Notebook Version 11 used a model trained on 84k samples from the given dataset. This was overfitting.  
Notebook Version 12 used a model trained on a different set of 90k samples. It also includes postprocessing code. Still overfitting so better CV is needed.  
Notebook Version 14 trained on all samples.  
Notebook Version 18 used the [Bengali version of IndicWhisper](https://github.com/AI4Bharat/vistaar) without any training on the given dataset. Tried adding `do_normalize=True` and CV was worse.

It takes about 2 hours to submit and score for whisper small, 2.5 hours for whisper medium

A couple versions failed because it was doing preprocessing in chunks. Now it does it in each batch.
Versions 15-17 failed because it was predicting empty string. See here for details on this scoring error.
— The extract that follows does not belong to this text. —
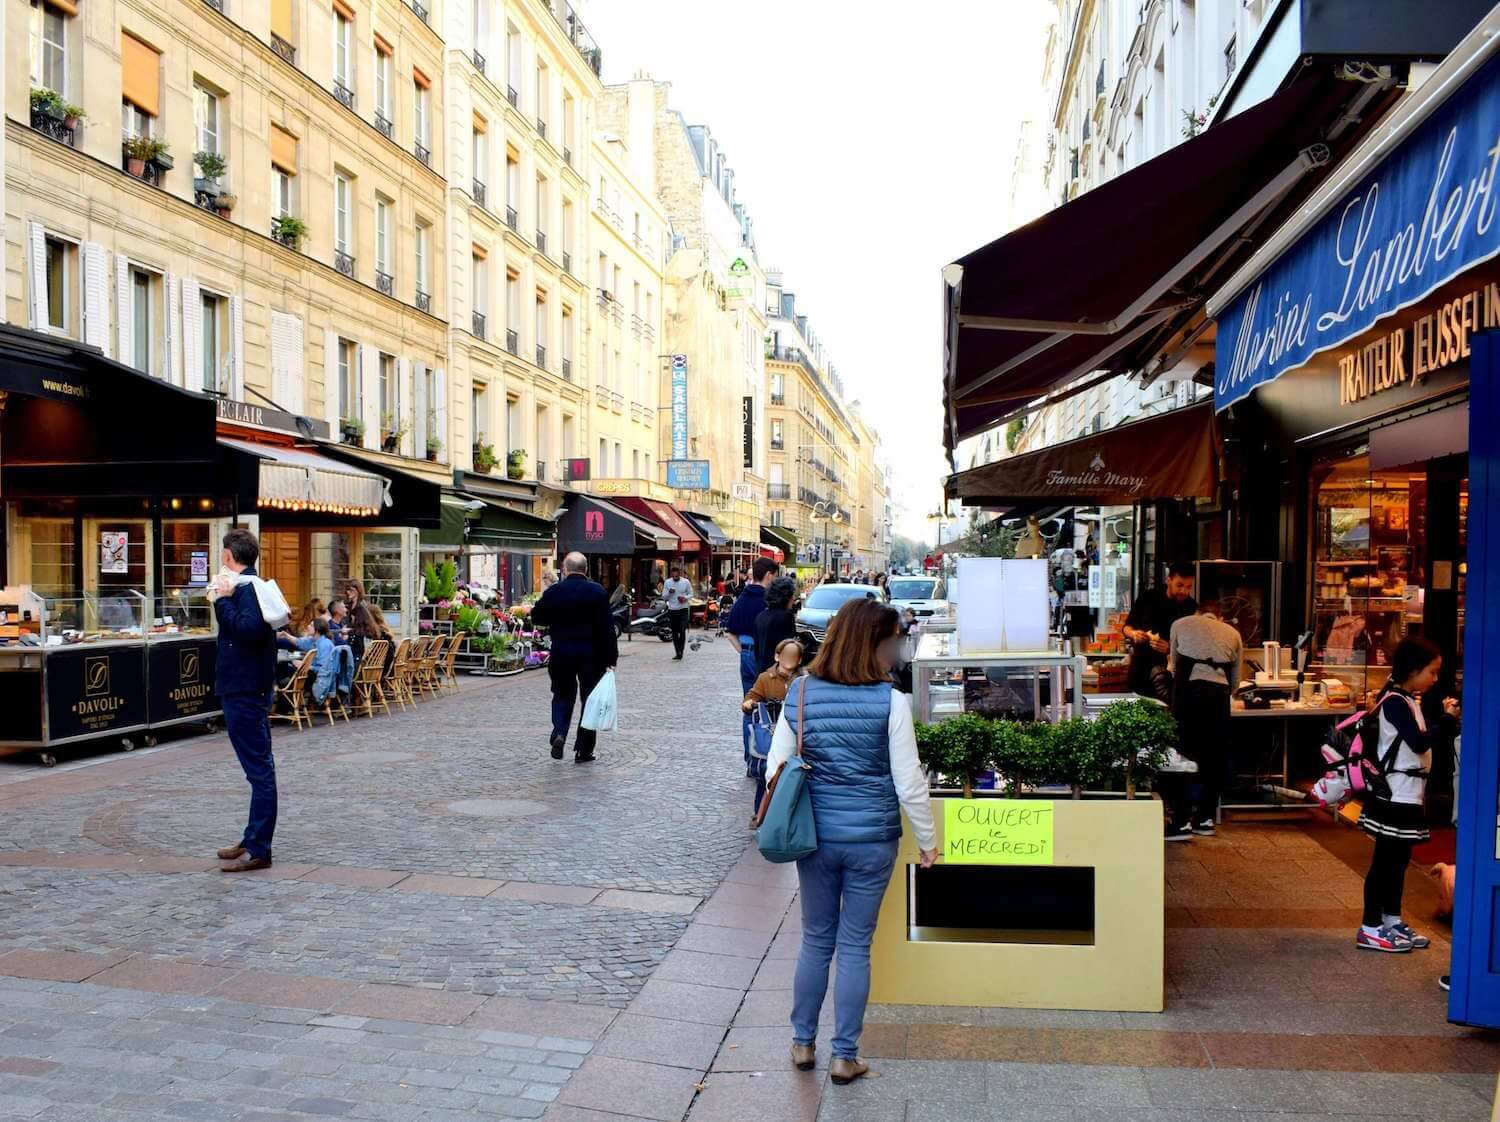 Rue Cler Market Street
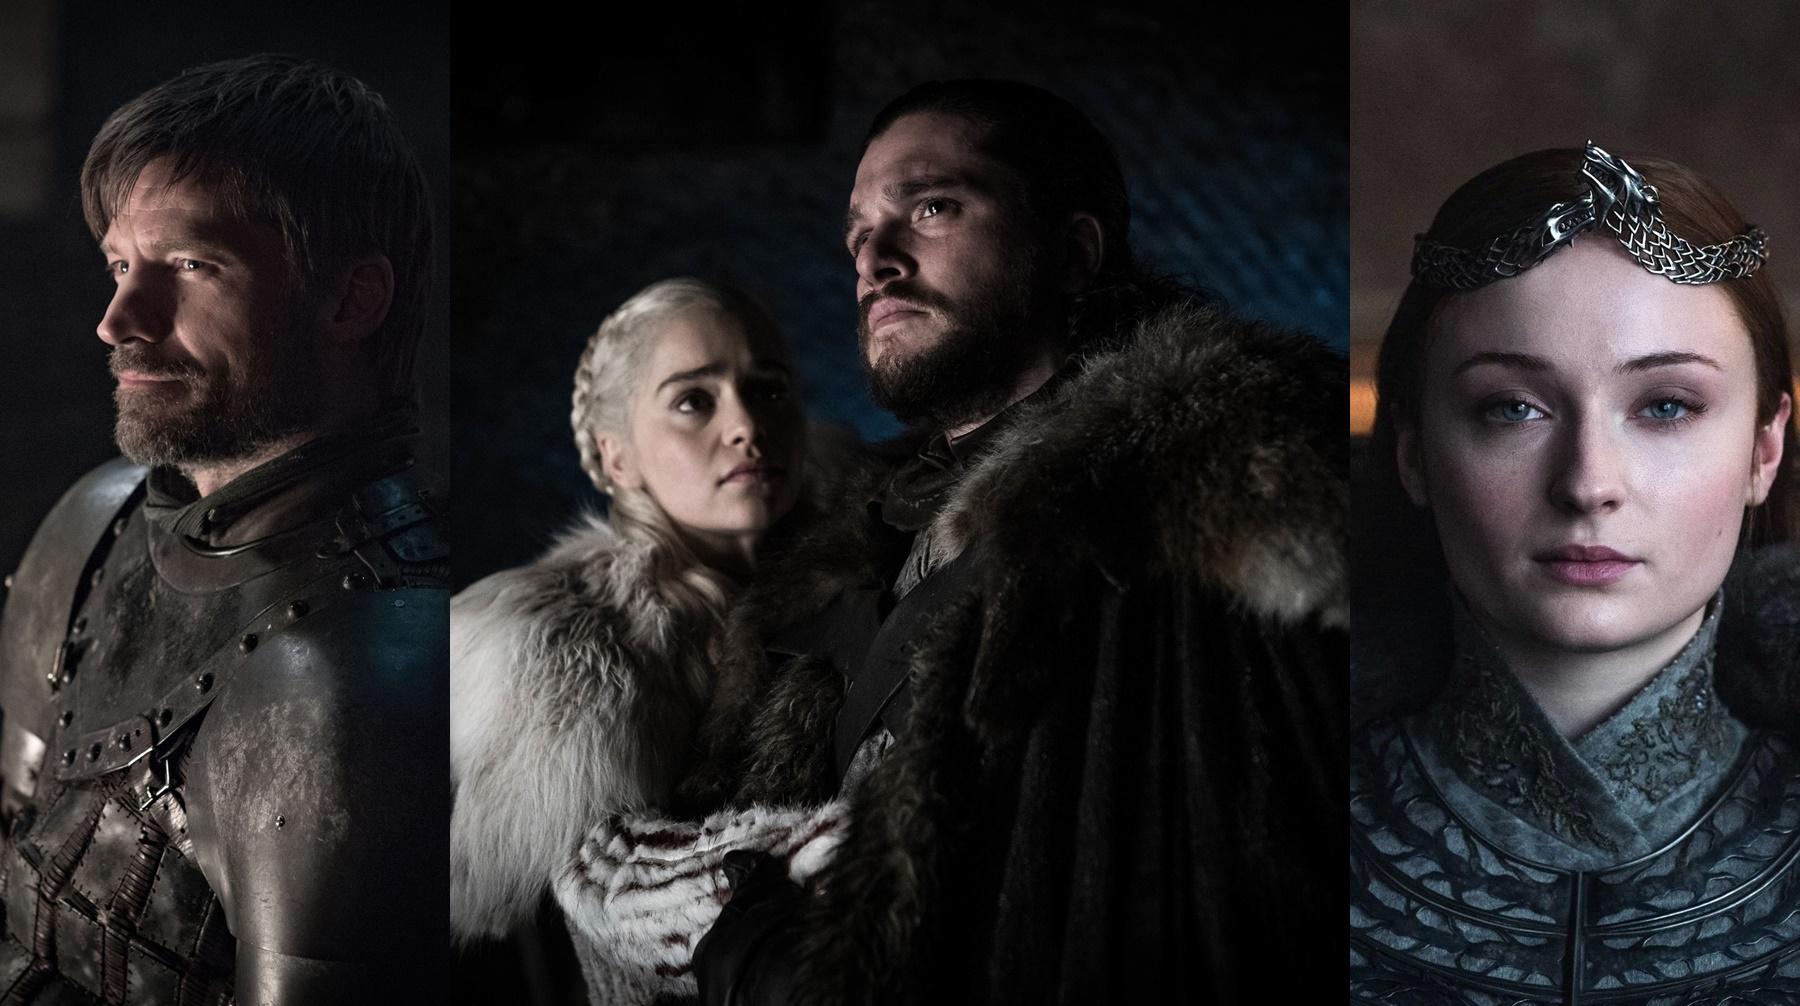 En el Emmy 2019, "Game of Thrones" consiguió nominaciones para todo su elenco principal, incluyendo Nikolaj Coster-Waldau, Emilia Clarke, Kit Harington y Sophie Turner. Fotos: HBO.

I will update this file with speed optimizations in the near future.
- [Update] BetterTransformer does not seem to help.

In [9]:
!pip install datasets --no-index --find-links=file:///kaggle/input/hf-ds -U -q
    
!cp -r /kaggle/input/python-packages2 /tmp
!tar xvfz /tmp/python-packages2/normalizer.tgz
!pip install ./normalizer/bnunicodenormalizer-0.0.24.tar.gz -f ./ --no-index


!tar xvfz /tmp/python-packages2/jiwer.tgz
!pip install ./jiwer/python-Levenshtein-0.12.2.tar.gz -f ./ --no-index
!pip install ./jiwer/jiwer-2.3.0-py3-none-any.whl -f ./ --no-index

jiwer/
jiwer/jiwer-2.3.0-py3-none-any.whl
jiwer/python-Levenshtein-0.12.2.tar.gz
jiwer/setuptools-65.3.0-py3-none-any.whl
Looking in links: ./
Processing ./jiwer/jiwer-2.3.0-py3-none-any.whl
INFO: pip is looking at multiple versions of jiwer to determine which version is compatible with other requirements. This could take a while.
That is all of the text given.